The Bean Bed

 

Richard Bell's Wild West Yorkshire nature diary, Friday, 6th July, 2007

beansEVEN WHEN IT’S RAINING, as it often is, I can walk down our new woodchip path (glad that’s finished at last) and draw under cover in the greenhouse. The choice of subject is a limited, but I’m happy to spend half an hour or so drawing our flourishing vegetable crops.

The broad bean is Witkiem-Manita (Johnson's seeds) 'one of the earliest and quickest to crop, giving tasty white beans over a long season'. We've found it far more productive than the Bunyard's Exhibition which we normally grow but of course a lot of this is due to the exceptionally wet weather we've had which has swelled the pods.

I sowed the beans in staggered rows just 6 inches between plants. This means that one packet of seeds filled in a 4 ft x 4 ft square at the end of our new Z-shaped deep bed. If you weren’t so pressed for space, you could sow them the traditional way, in a double row, 12 inches apart and about 4 inches between plants, leaving a 3 ft gap if you planted a second row. Two double rows would take up about half the space available in our entire veg garden so I’m keen on the deep bed method.

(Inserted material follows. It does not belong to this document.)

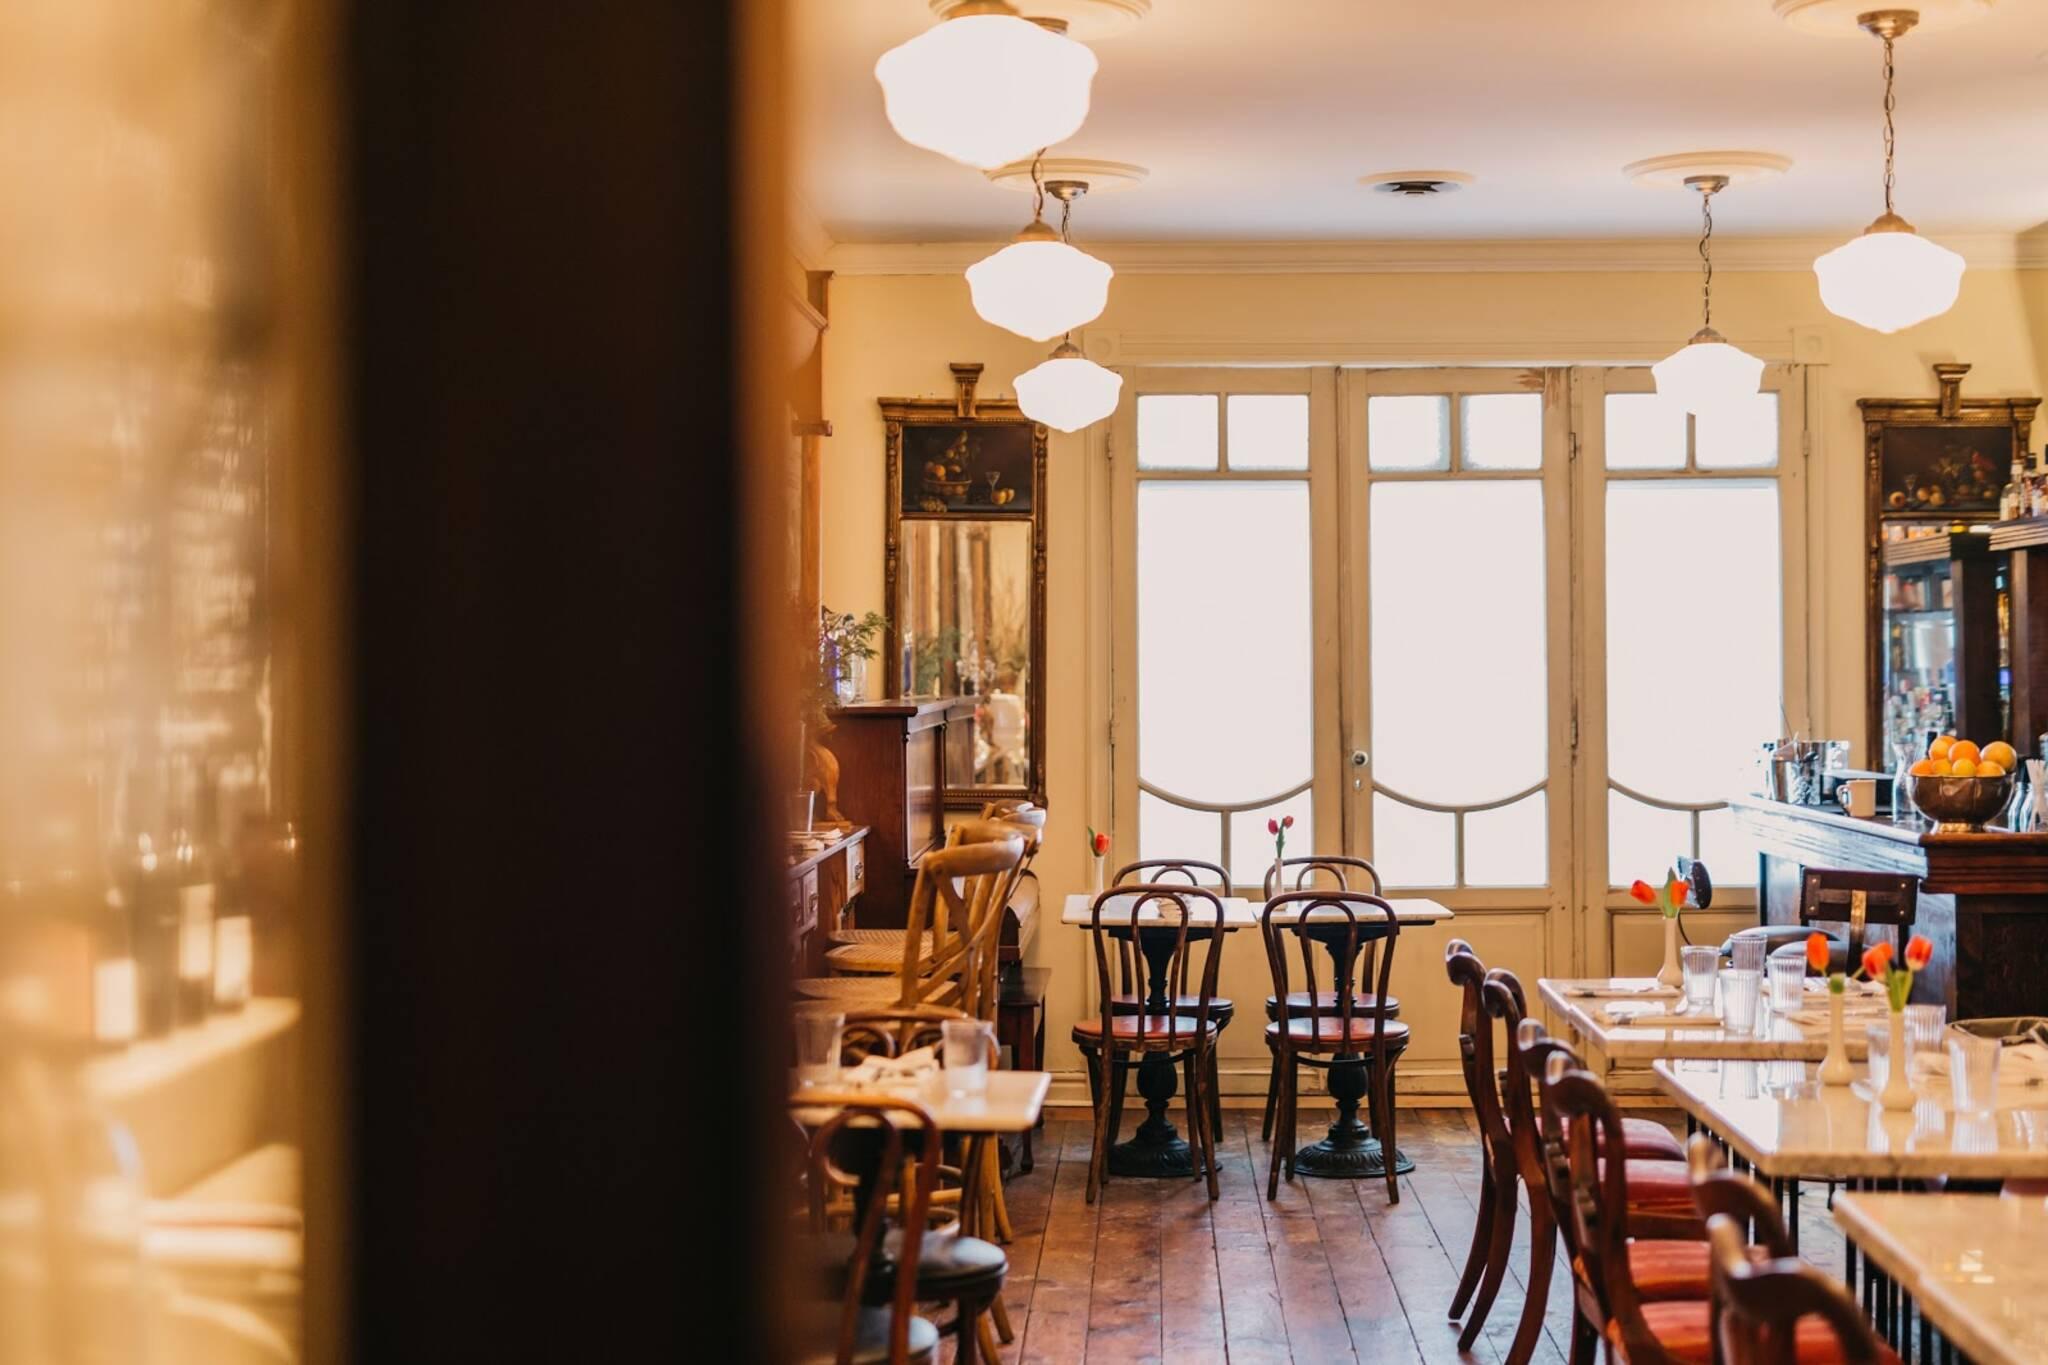 Top O The Senator Restaurant Toronto

tomato flowersThe tomato (right), now in flower, is Moneymaker. We’ve planted two Moneymakers in the raised bed in the greenhouse, and one each of Alicante, Beefsteak, Sungold and the small sweet, old-fashioned tasting Gardener’s Delight. As it took a while to prepare the beds, I’d potted some of these on into larger pots of a peat-free, multi-purpose compost. Their leaves started looking yellowish, so they weren’t getting all they should have from the compost but I notice that now they’re in the raised bed the new growth is lusher and a deeper green.

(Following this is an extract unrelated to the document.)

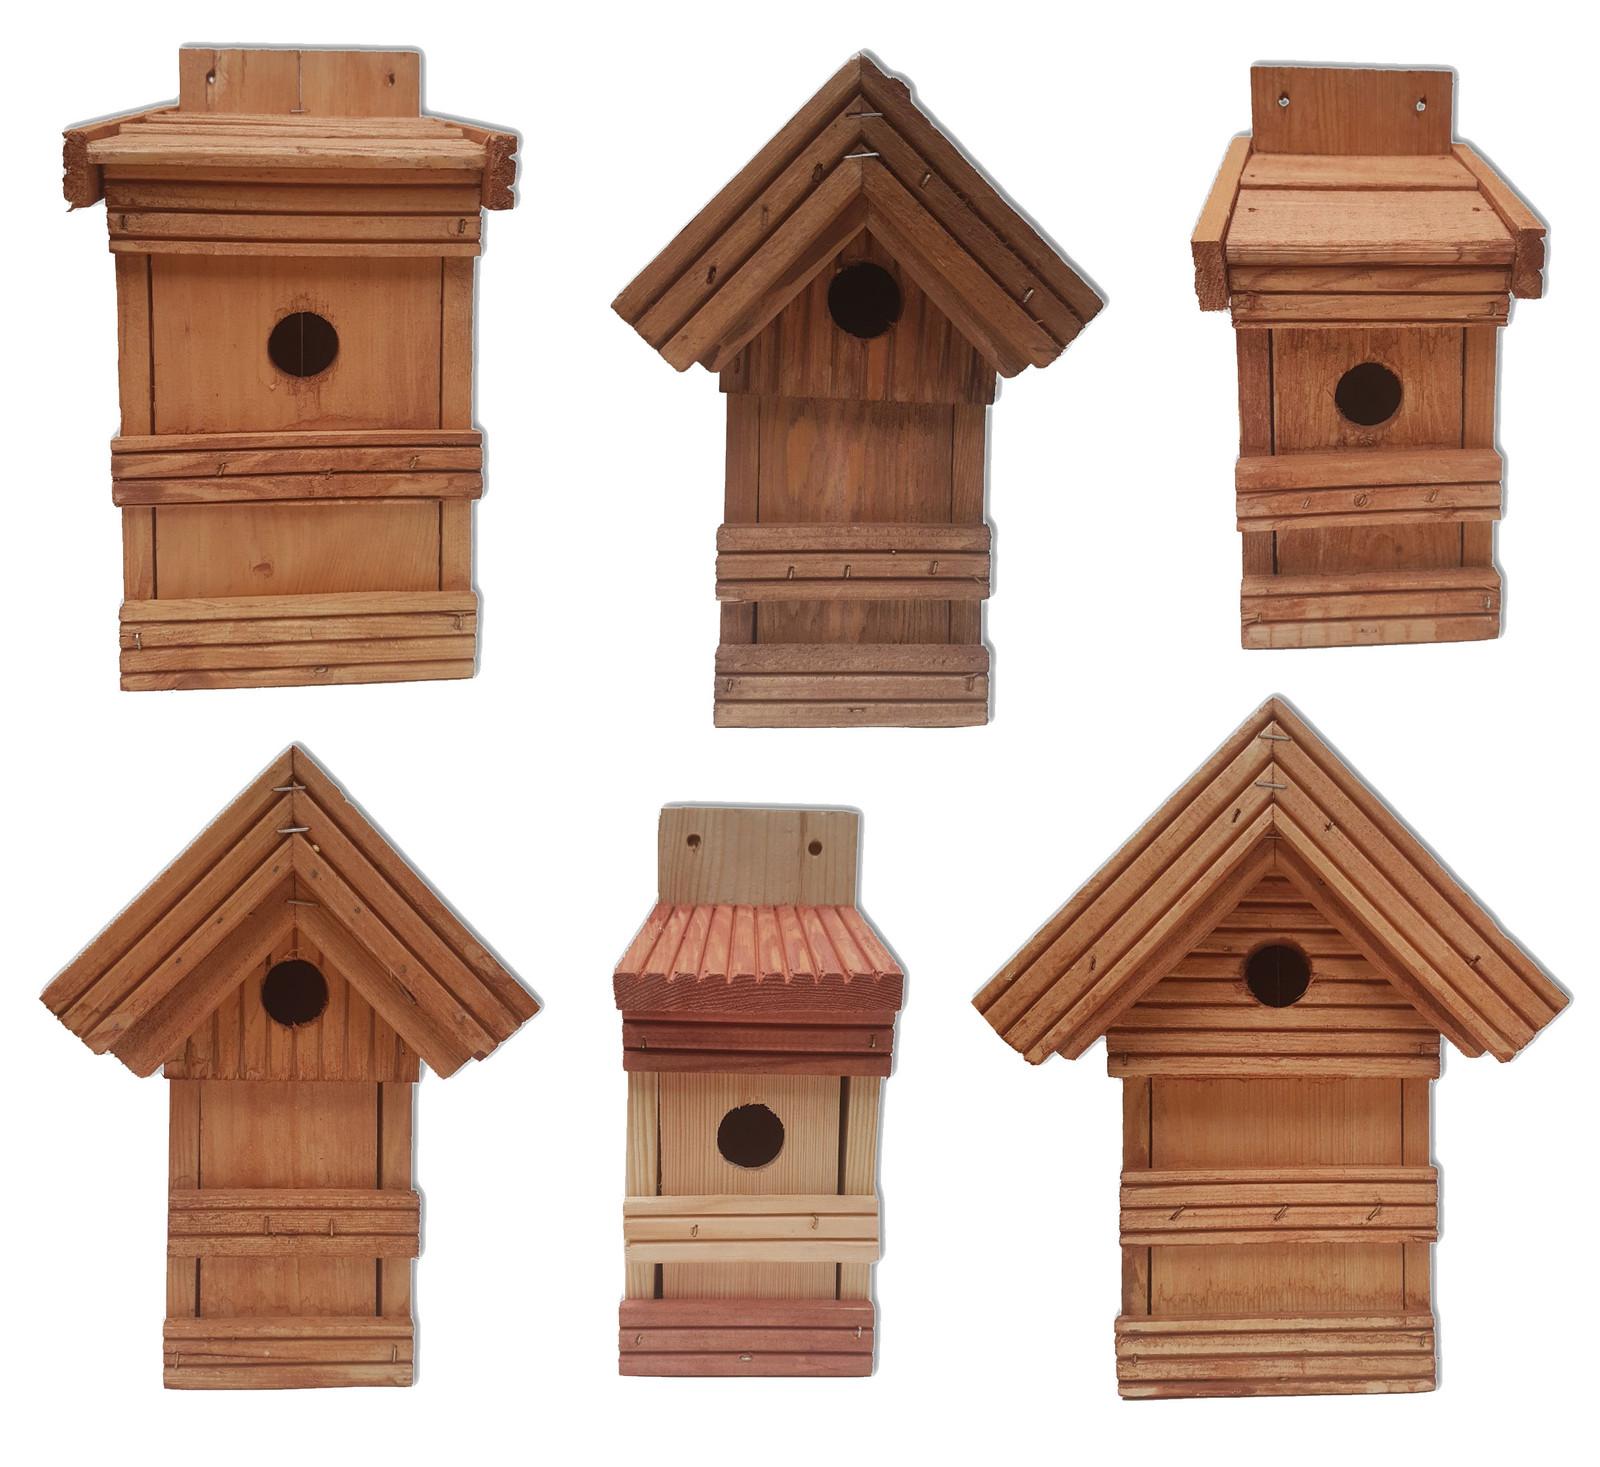 Nistkasten für kleine Vögel – Bild 1

I refreshed the soil in the raised bed (after evicting the ants, see previous diary entry!) by digging in plenty of compost from our compost bins and giving it a sprinkling of blood, fish and bonemeal for good measure.

Bella ItaliaLa Dolce Vita

My sketch of Chianti bottles on a corner table sums up the relief I felt in escaping from our routine for an impromtu pasta. Barbara had been at a meeting all morning, I’d finally started laying out the pages of a new book and we didn’t quite feel like grabbing a sandwich for lunch and engaging with our next chore so we set off to the Bella Italia at Birstall.

It comes as a surprise to discover that we do actually have the freedom to step out for an hour or two from our regular round of work, errands, appointments and gatherings. A rare event for us.

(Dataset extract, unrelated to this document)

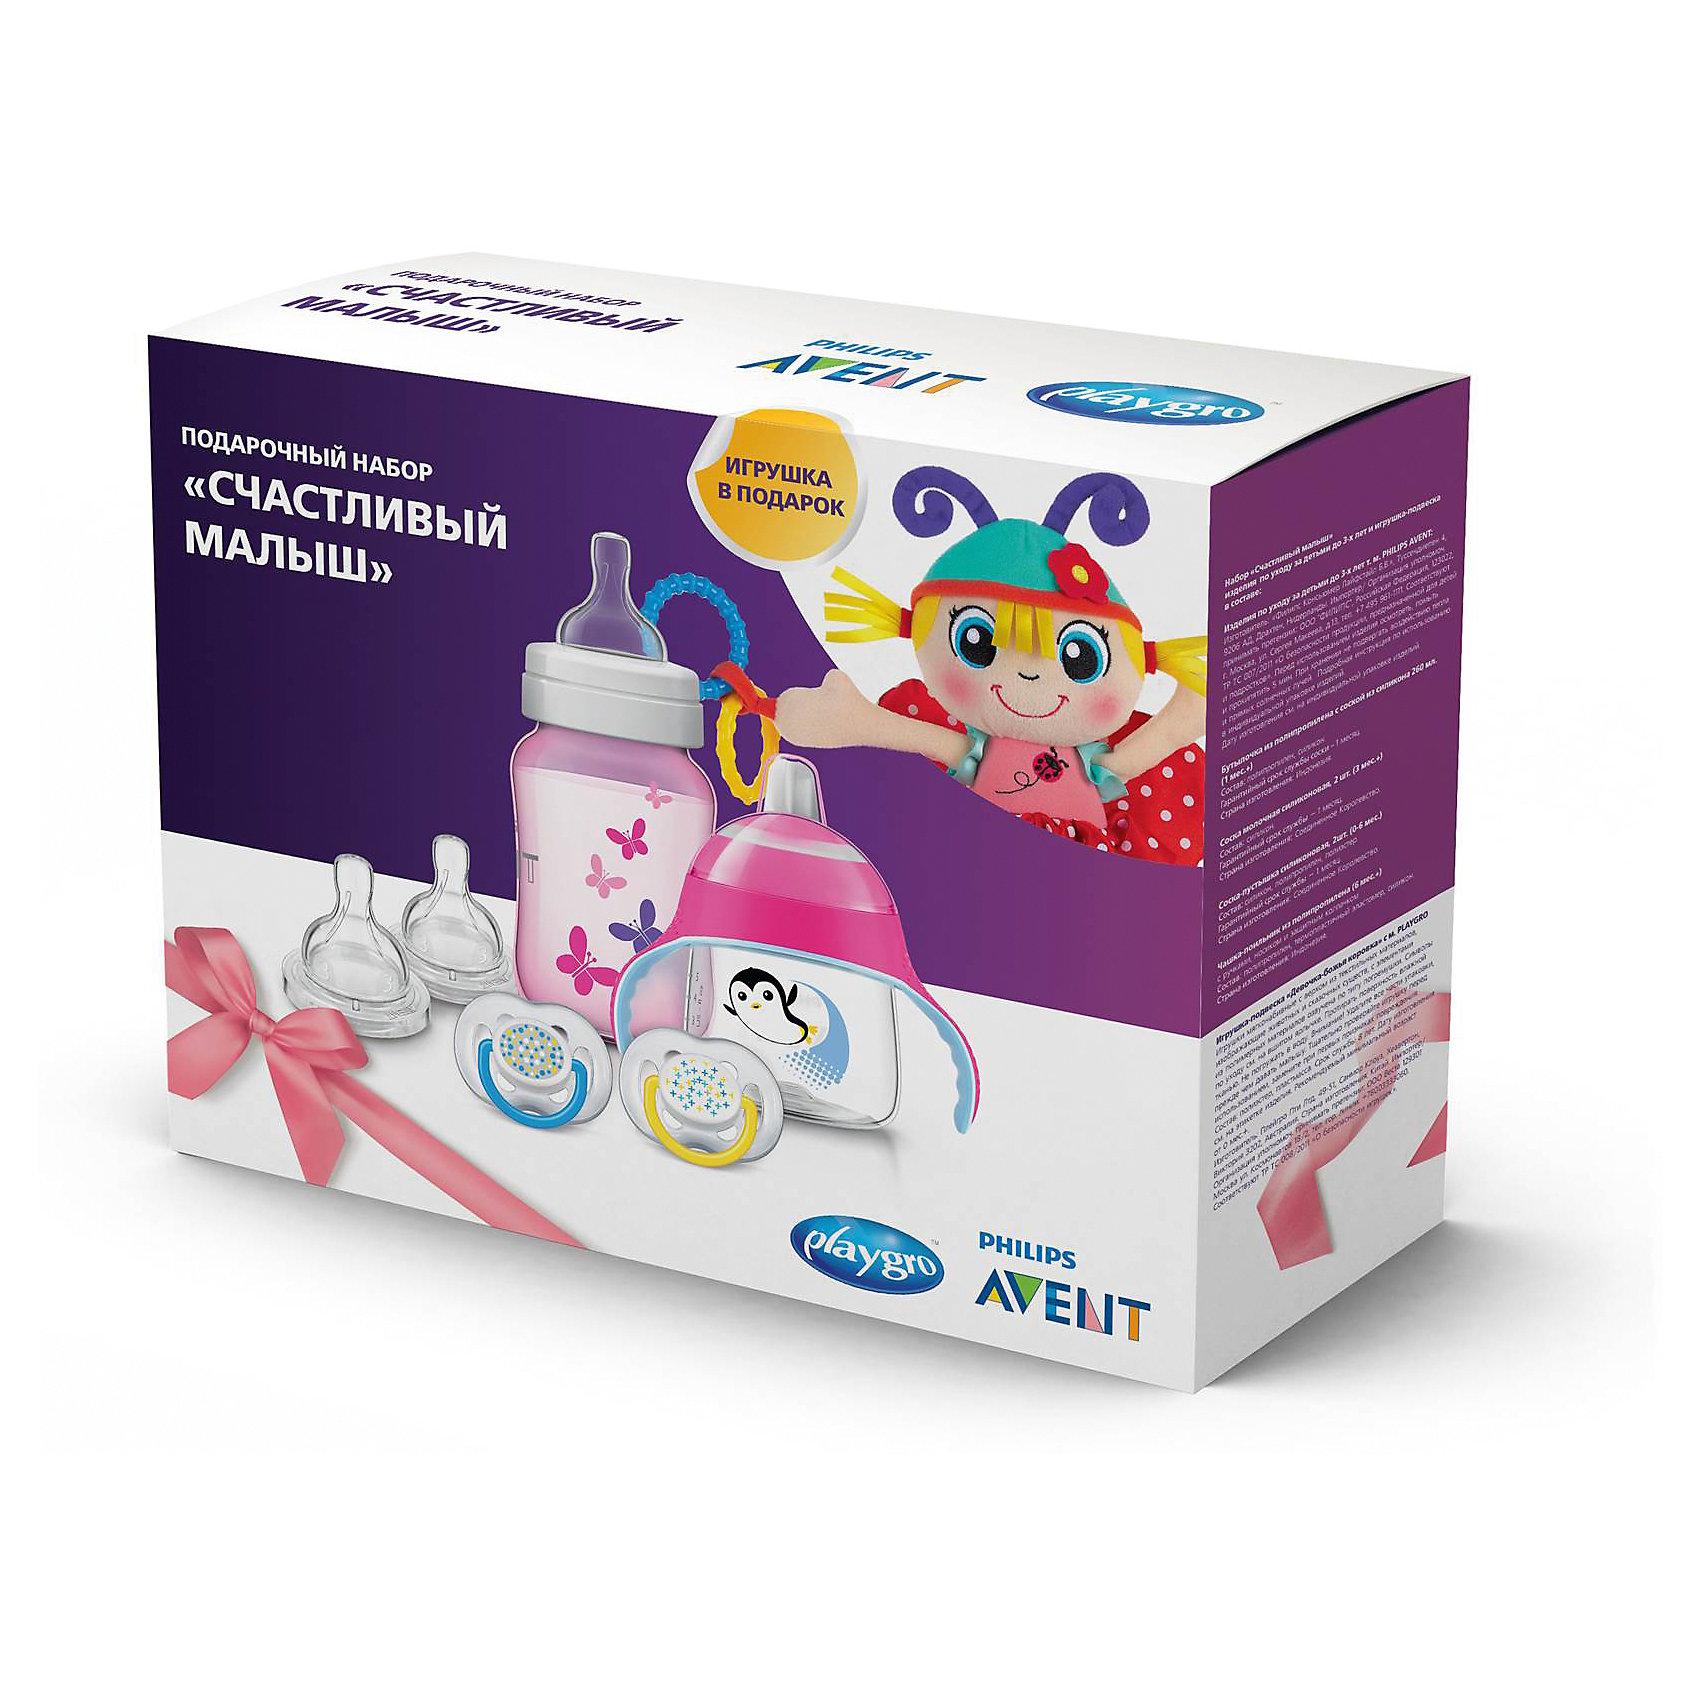 Набор «Счастливый малыш» для девочек,  Philips Avent, розовыйПоильники<br>Набор «Счастливый малыш» для девочек, Philips Avent (Филипс Авент), розовый<br><br>Характеристики:<br><br>• в комплекте: бутылочка Classic+ (от 1 месяца), 2 силиконовые соски Classic+ (от 3х месяцев), 2 силиконовые пустышки (от 0 до 6 месяцев), поильник Пингвин (от 6 месяцев), подвесная игрушка Божья коровка<br>• объем бутылочки: 260 мл<br>• объем поильника: 200 мл<br>• антиколиковая соска<br>• специальная форма пустышки удобна в любом положении<br>• вентиляционные отверстия по краям соски<br>• поильник оснащен клапаном, предотвращающим проливание жидкости<br>• нескользящие ручки<br>• размер упаковки: 24х9,2х30 см<br>• вес: 610 грамм<br><br>Набор Счастливый малыш позаботится о комфорте ребенка, действительно делая кроху счастливым. В набор входят 2 силиконовые соски, 2 силиконовые пустышки, бутылочка, поильник и игрушка. Бутылочка из серии Classic+ подходит для детей от одного месяца. Она имеет антиколиковую соску, которая предотвращает заглатывание лишнего воздуха и беспокойство из-за коликов. <br><br>Силиконовые соски из серии Classic+ предназначены для детей от 3-х месяцев. Соски помогут малышу самостоятельно контролировать поток молока. Специальный клапан предотвращает заглатывание воздуха, срыгивание и колики.<br><br>Соски-пустышки подойдут для детей с 0 до 6 месяцев. Специальное строение пустышки поможет ребенку чувствовать себя комфортно даже при перевороте соски во рту. Боковые вентиляционные отверстия снижают риск возникновения раздражения на чувствительной коже.<br><br>С помощью поильника вы сможете с легкостью приучить ребенка к использованию чашки. Клапан поильника предотвращает протекание жидкости. А нескользящие ручки помогут малышу быстро приспособиться к новой посуде.<br><br>Забавная Божья Коровка станет лучшим другом малыша в первые месяцы жизни. Она издает очень приятные звуки, а также способствует развитию мелкой моторики, зрительных и тактильных ощущений.<br><br>Набор «Счас

I like the artful way the designers have managed to conjure up a friendly Italian ambience, here in a corner of a retail park. But sometimes it works the other way; a professional painter and decorator who I work with on the scenery for our annual pantomime has worked in Italy fitting out bars as English and Irish pubs. These are skilfully distressed so that you’d assume they’d been there for years.